Как-то раз Валентина, принеся чайник и задав вопрос насчет желаний, услышала от нового постояльца, мужчины лет сорока пяти, задумчивого и внимательного:
– Нет, спасибо. А ваша администратор, она давно тут работает?
– Да.
– И живет здесь тоже давно? В поселке?
– С детства. А что?
– Да похожа на мою жену-покойницу. Как сестра прямо. Странно – где Мурманск и где Грежин…
– Бывает. На меня недавно один тоже удивился, что я на его дочь похожа. Ну, ему за шестьдесят уже, хоть и бодрый. Такие вещи предлагал, вы не поверите!
– Почему? Сейчас такая жизнь, все будто что-то наверстывают. Особенно кто при социализме пожил.
– Ну да, понимаю. Но я ему категорически сказала: вы что, собственную дочь, что ли, хотите? Это чем попахивает, вы соображайте вообще-то! Он сразу смутился. Нет, говорит, что вы похожи, это одно, а что я заинтересовался, это другое.
– Но играет роль, – задумчиво сказал задумчивый мужчина.
– Эх! – с горечью выдохнула Валентина.
– Что? – насторожился он.
– Да ничего. Завтра вот уедете, будете вспоминать, что была хорошая женщина в Грежине. Понравилась. Будете жалеть, что даже не поговорили. А чтобы взять и сказать: Наташа, давайте пообщаемся, как люди! Что в этом такого?
– Считаете? Действительно… А какой номер администратора?

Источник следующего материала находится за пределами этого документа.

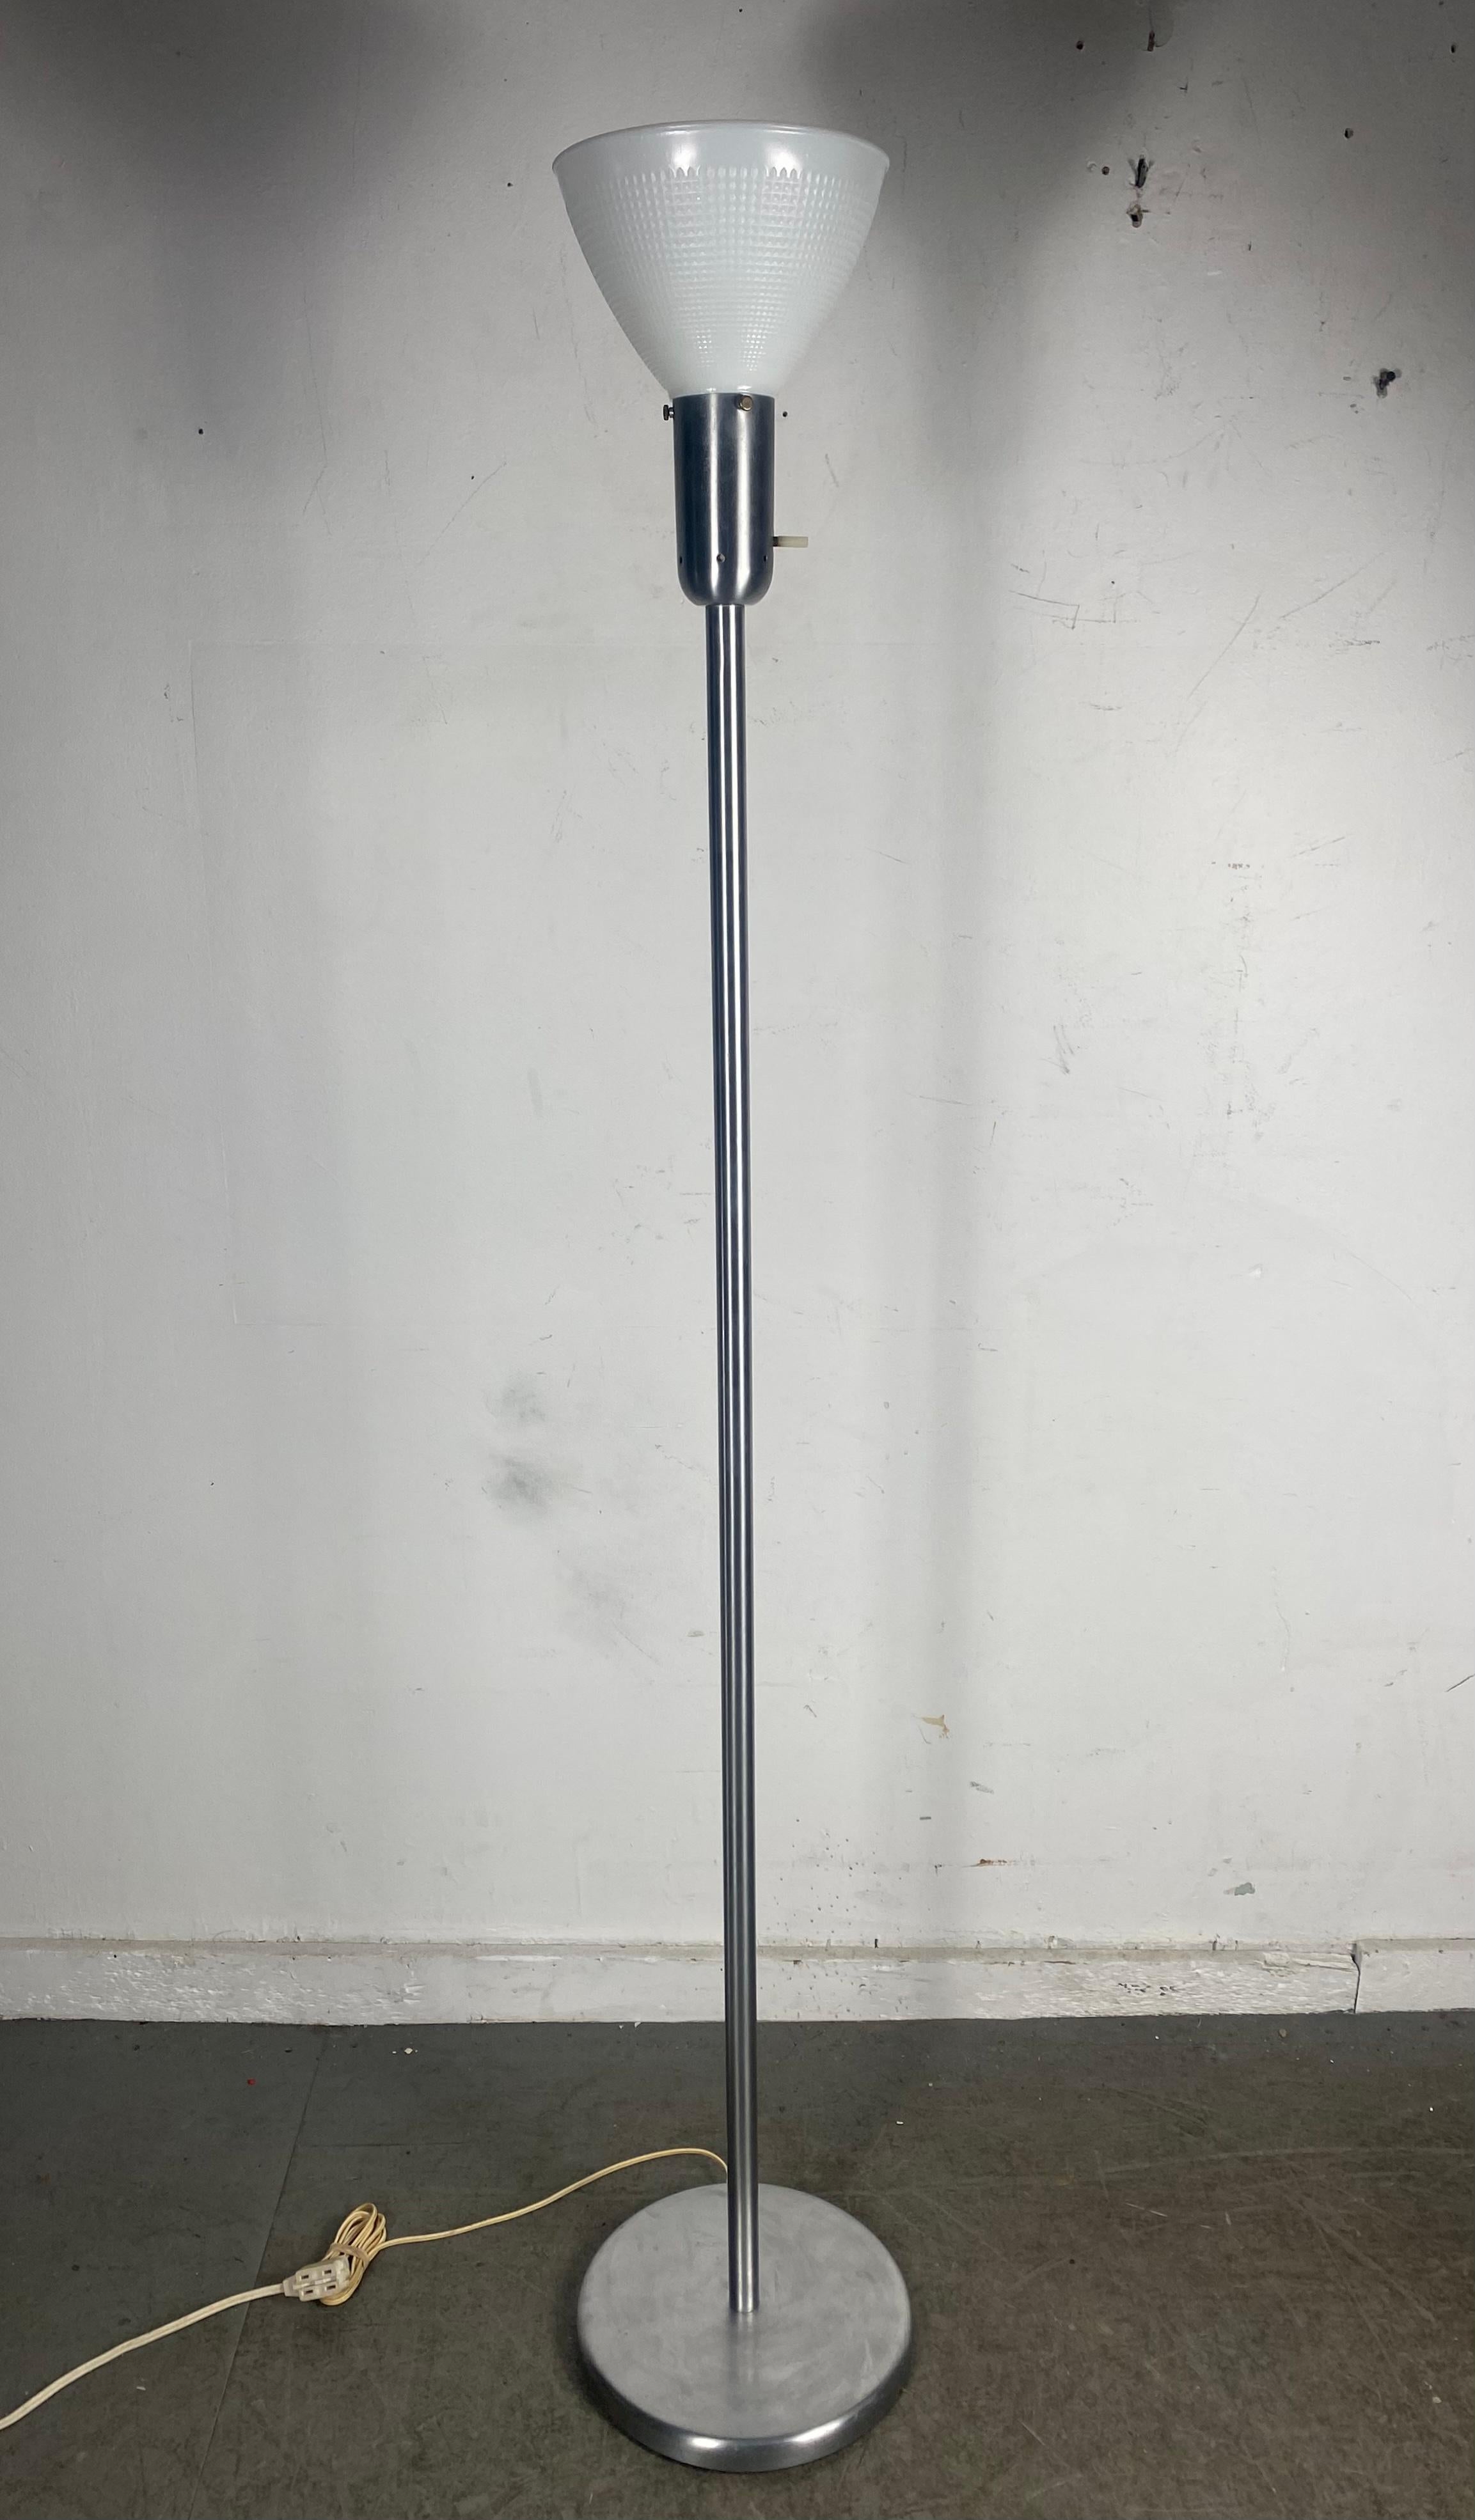 Classic Modernist floor lamp. Simple elegant design from Nessen Studios.Ny. Lamp has a brushed nickel finish. Round base. Standard stem// Retains its original ribbed plastic (bakelite) stem. On/off switch. Elegant, modern simplicity that works in

Мужчина взялся за телефон, но передумал.
– Нет. По телефону как-то…
– Так спуститесь.
– Нет. А если вы ей… Ну, мягко… Намекнете, что… Ну… Пообщаться, и все такое. Я совсем в этих делах… То есть не в этих, которые… Ну, понятно, да? Пожалуйста!
– Ладно.
И Валентина поговорила с Натальей.
Та возмутилась, обидела подругу:
– Хочешь, чтобы я такая, как ты, стала?
И тут же извинилась:
– Прости, Валь. Просто – не могу.
А через час позвонила Валентине в ее комнатку и сказала:
– Посиди за меня, я отлучусь.
Валентина спустилась, Наталья ждала ее, перебирая бумаги, глядя в стол. Не поднимая глаз, сказала:
– Если кому… Убью и с работы выгоню!
– О чем речь!
И Наталья ушла.
Часа полтора или два ее не было.
Вернулась. Волосы слегка растрепаны, щеки в пятнах, помада на губах смазана.
– Ну? Получилось? – надеялась Валентина, улыбаясь, готовая поздравить.
– Нет. До самого дошли… До прямо до этого. Он даже начал уже. А я умом хочу, а чувствую – душа не принимает. Отпихнула его и… И все. Обиделся, наверно. Валя, давай договоримся: ничего не было.
– А разве было?
Сказав это, Валентина вдруг поняла: да и у нее не было, если по большому счету. Она половины мужчин имен даже не помнит, включая того первого, артистичного. Нет, когда это происходит, иногда бывает хорошо. Как пьянице, когда он пьет. Но потом у пьяницы обязательно похмелье, и у нее тоже что-то в этом роде. Не мутит, голова не болит, но какая-то распирающая изнутри пустота.
Но она привыкла к этому, как и пьяница смиряется с неизбежным похмельем. Проходит несколько дней, и то, как ему было плохо, забывается – участь любой боли, а то, как было хорошо, помнится, и возникает желание повторить.